_Task goal_
Without any pictures, retype exactly the lines that begin at the one holding "عکس عاشقانه متن دار دختر و پسر (70)" and end at the last line of the data below.

_Dataset section_
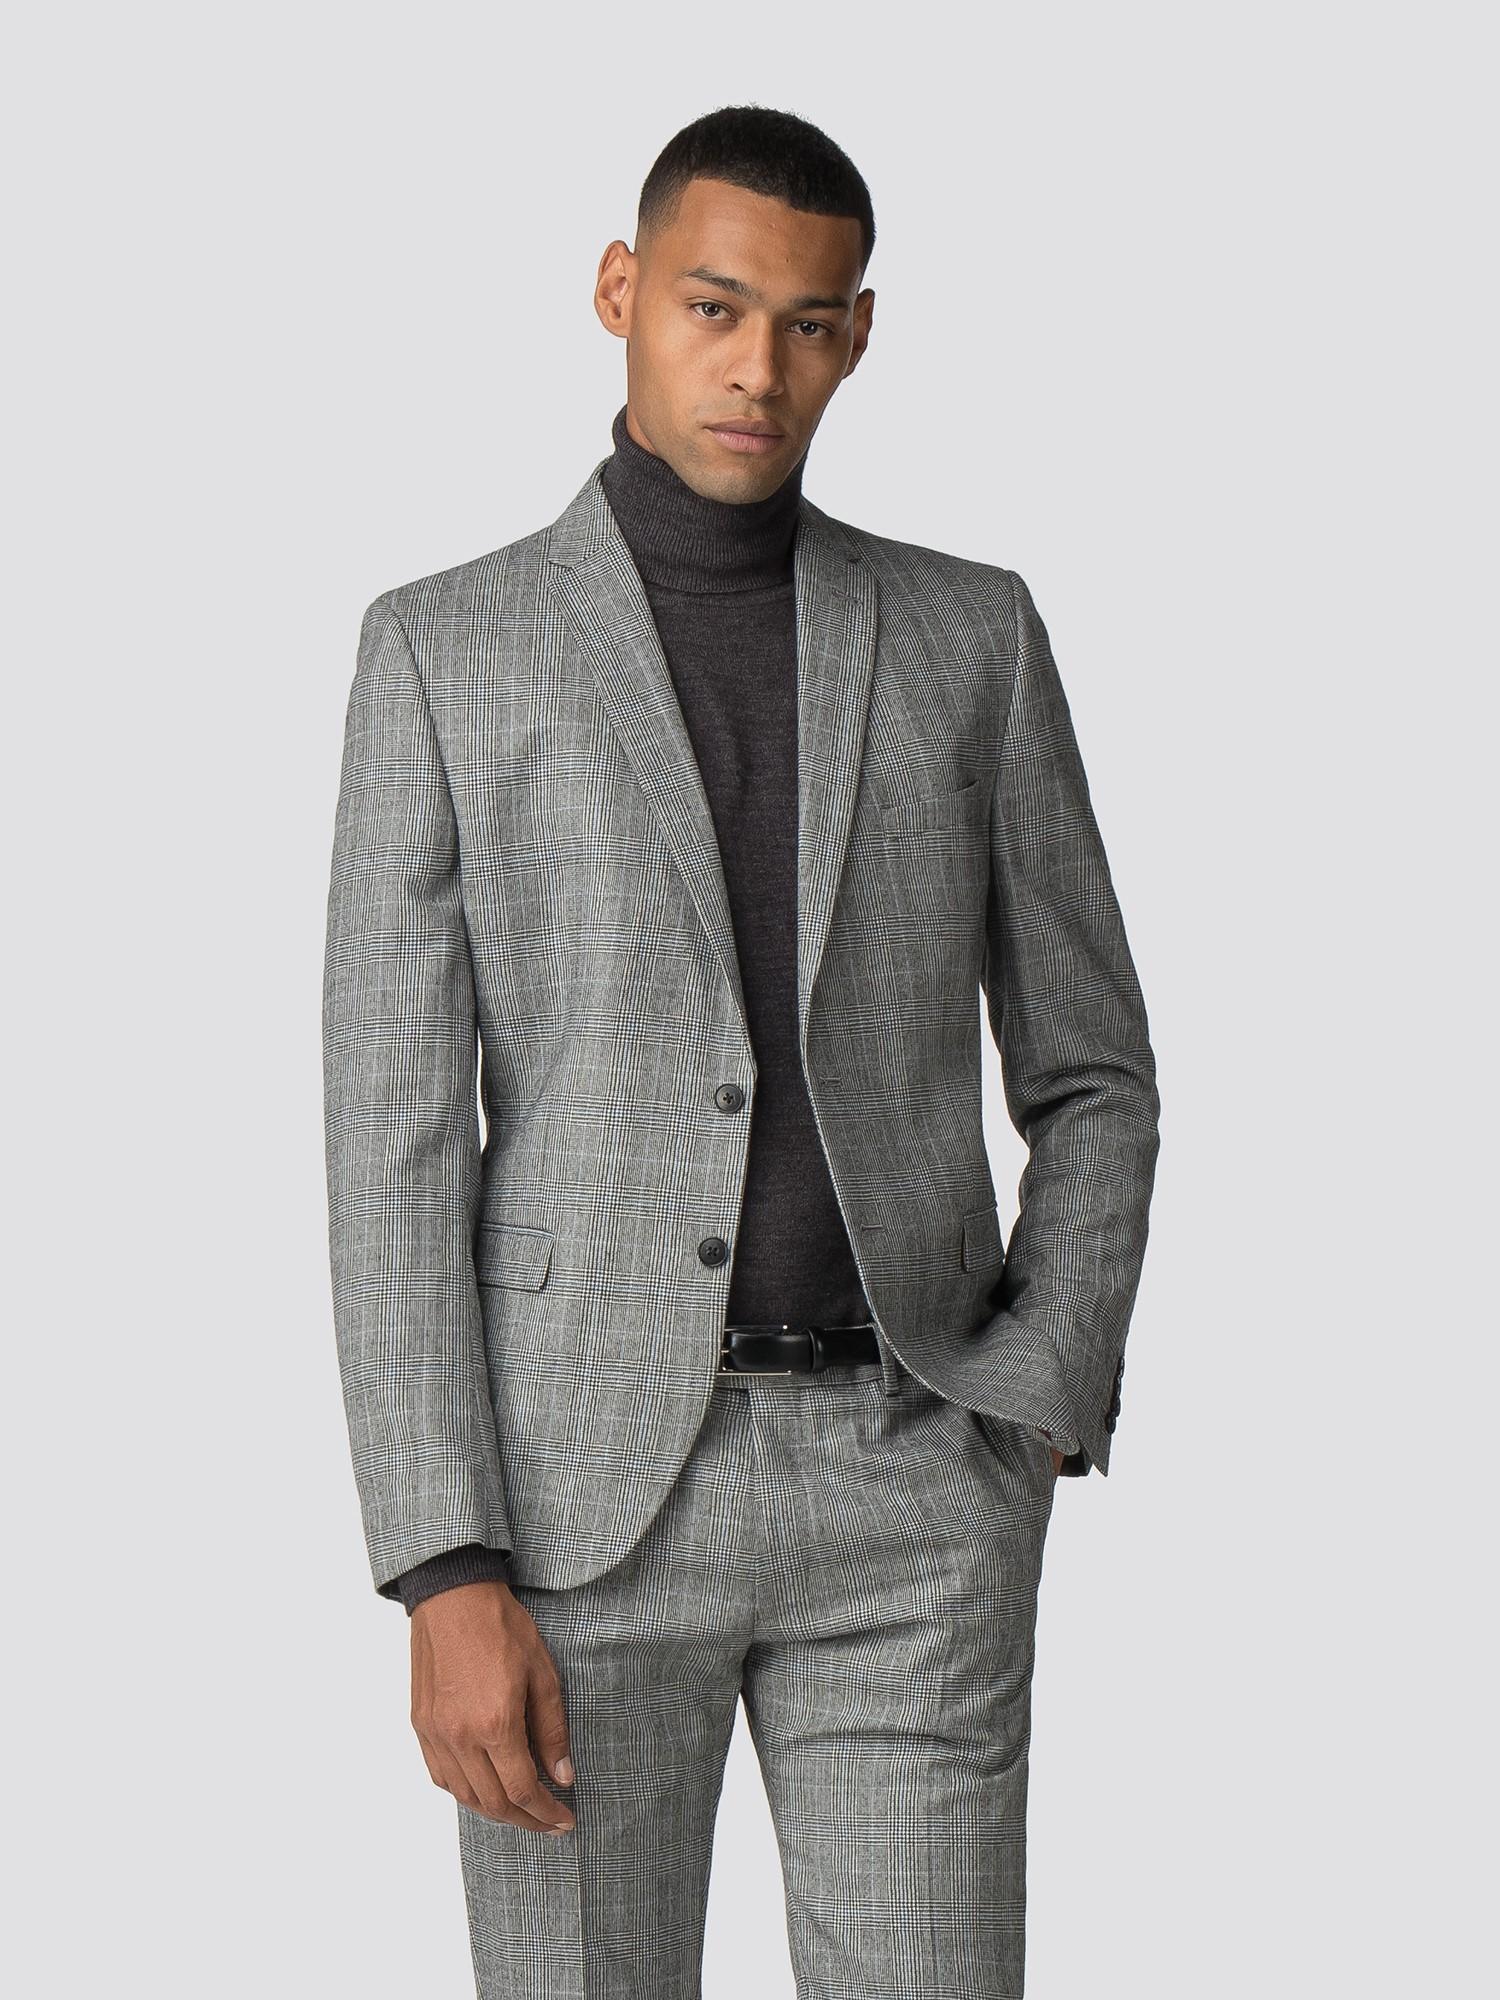 4bc857a9cc6583 Men's Grey Check Prince of Wales Suit | Ben Sherman | Est 1963
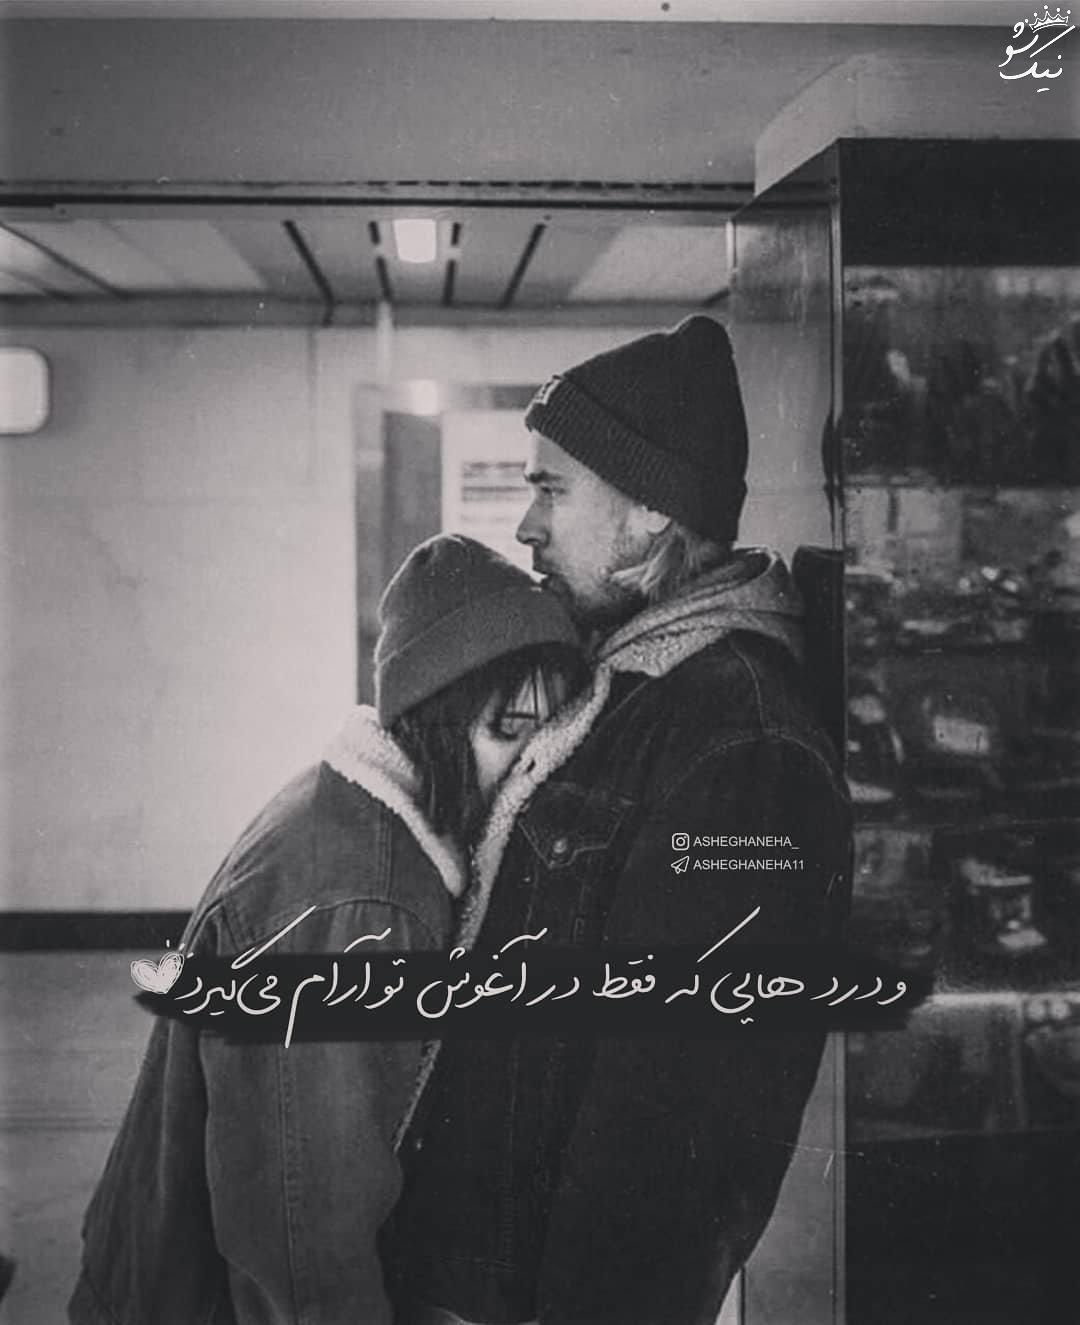 عکس عاشقانه متن دار دختر و پسر (70)
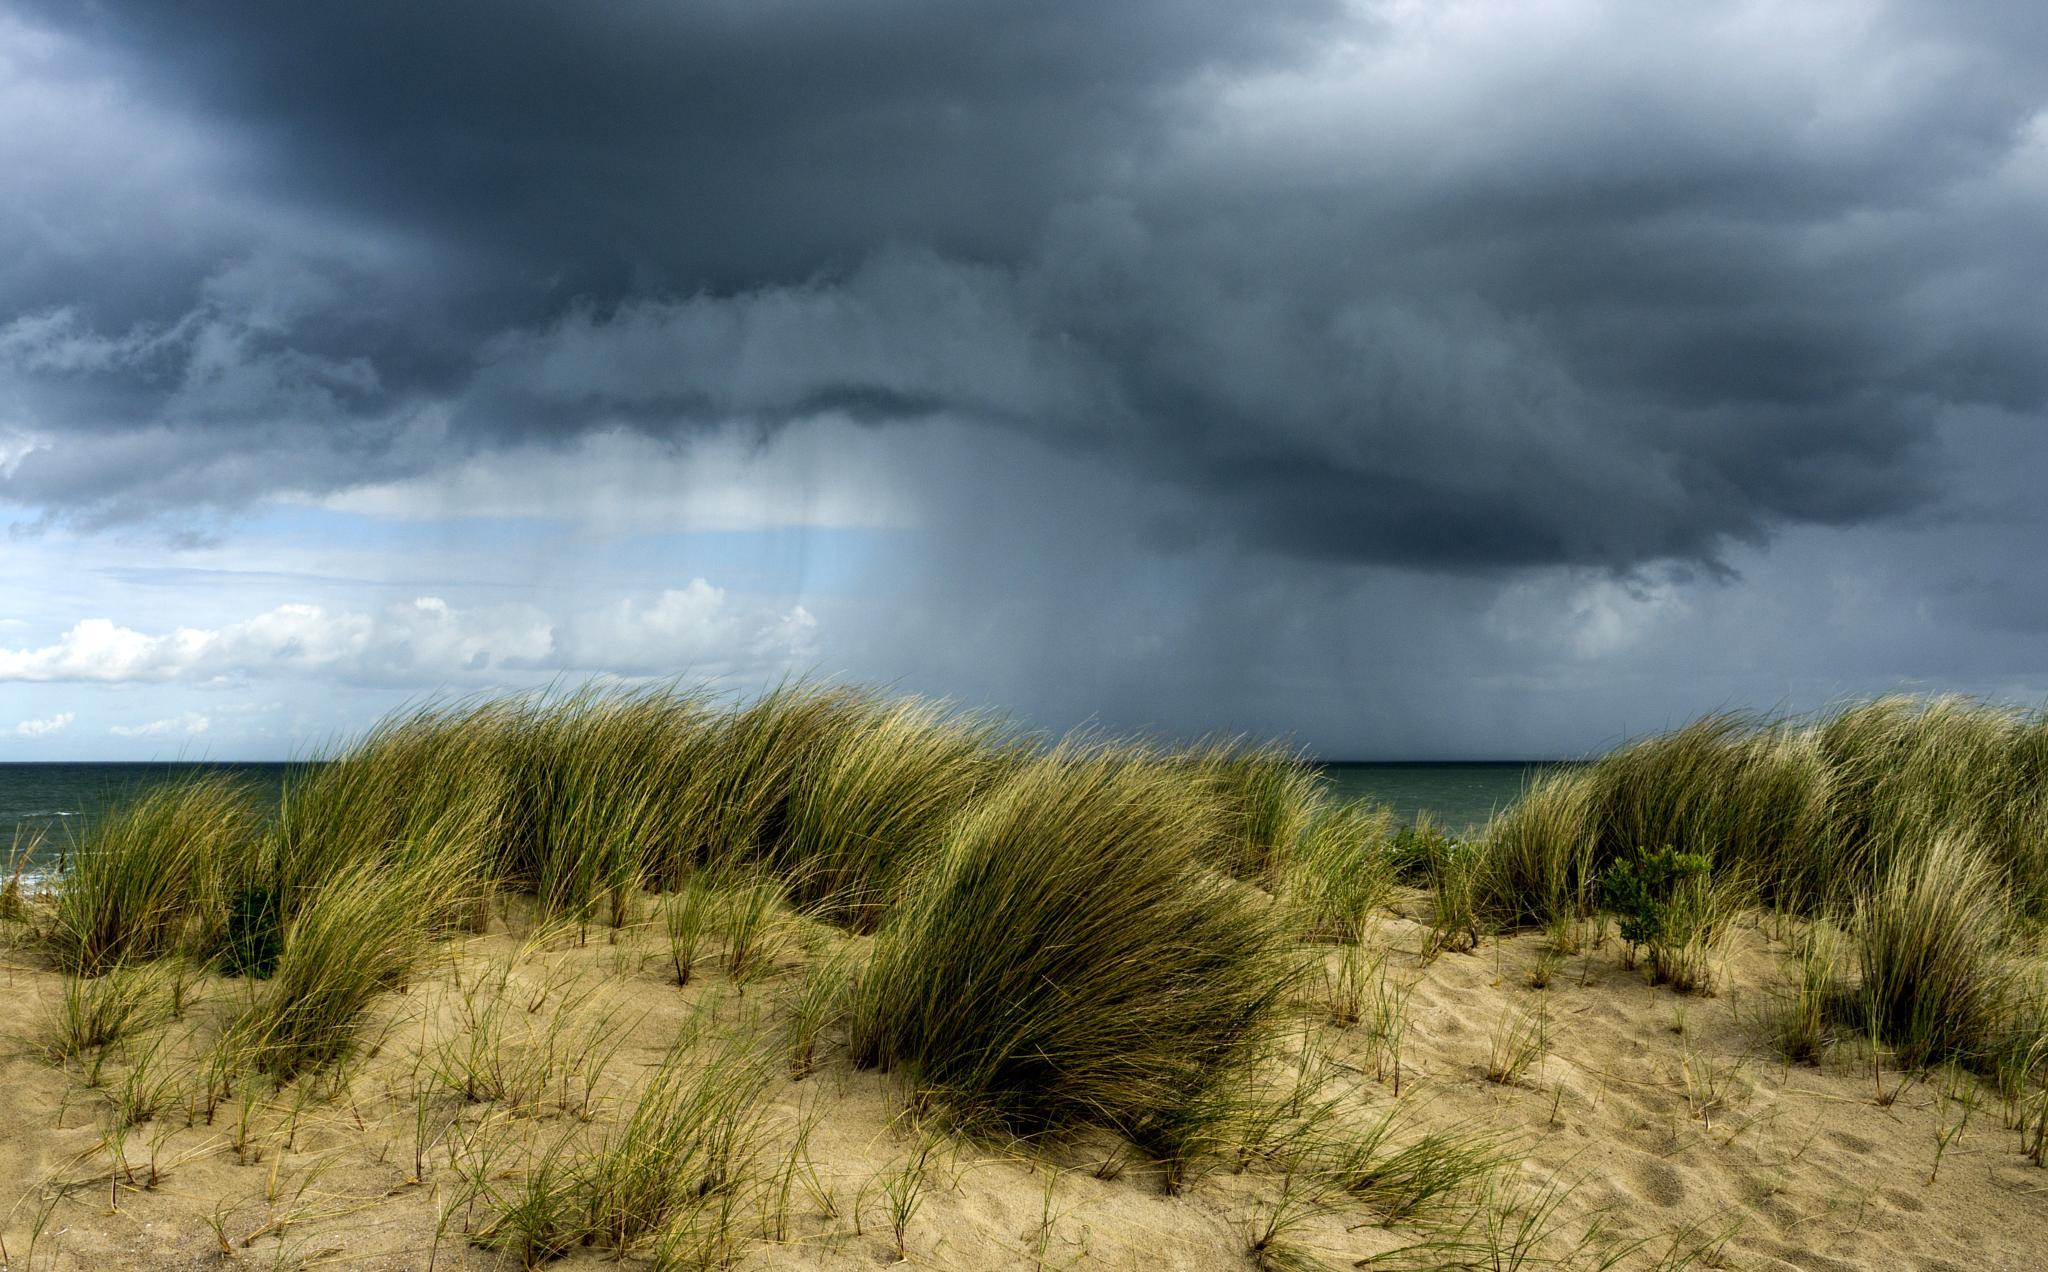 Stormy Weather by Rob van der Griend

_Answer below_
 عکس عاشقانه متن دار دختر و پسر (70)
 Stormy Weather by Rob van der Griend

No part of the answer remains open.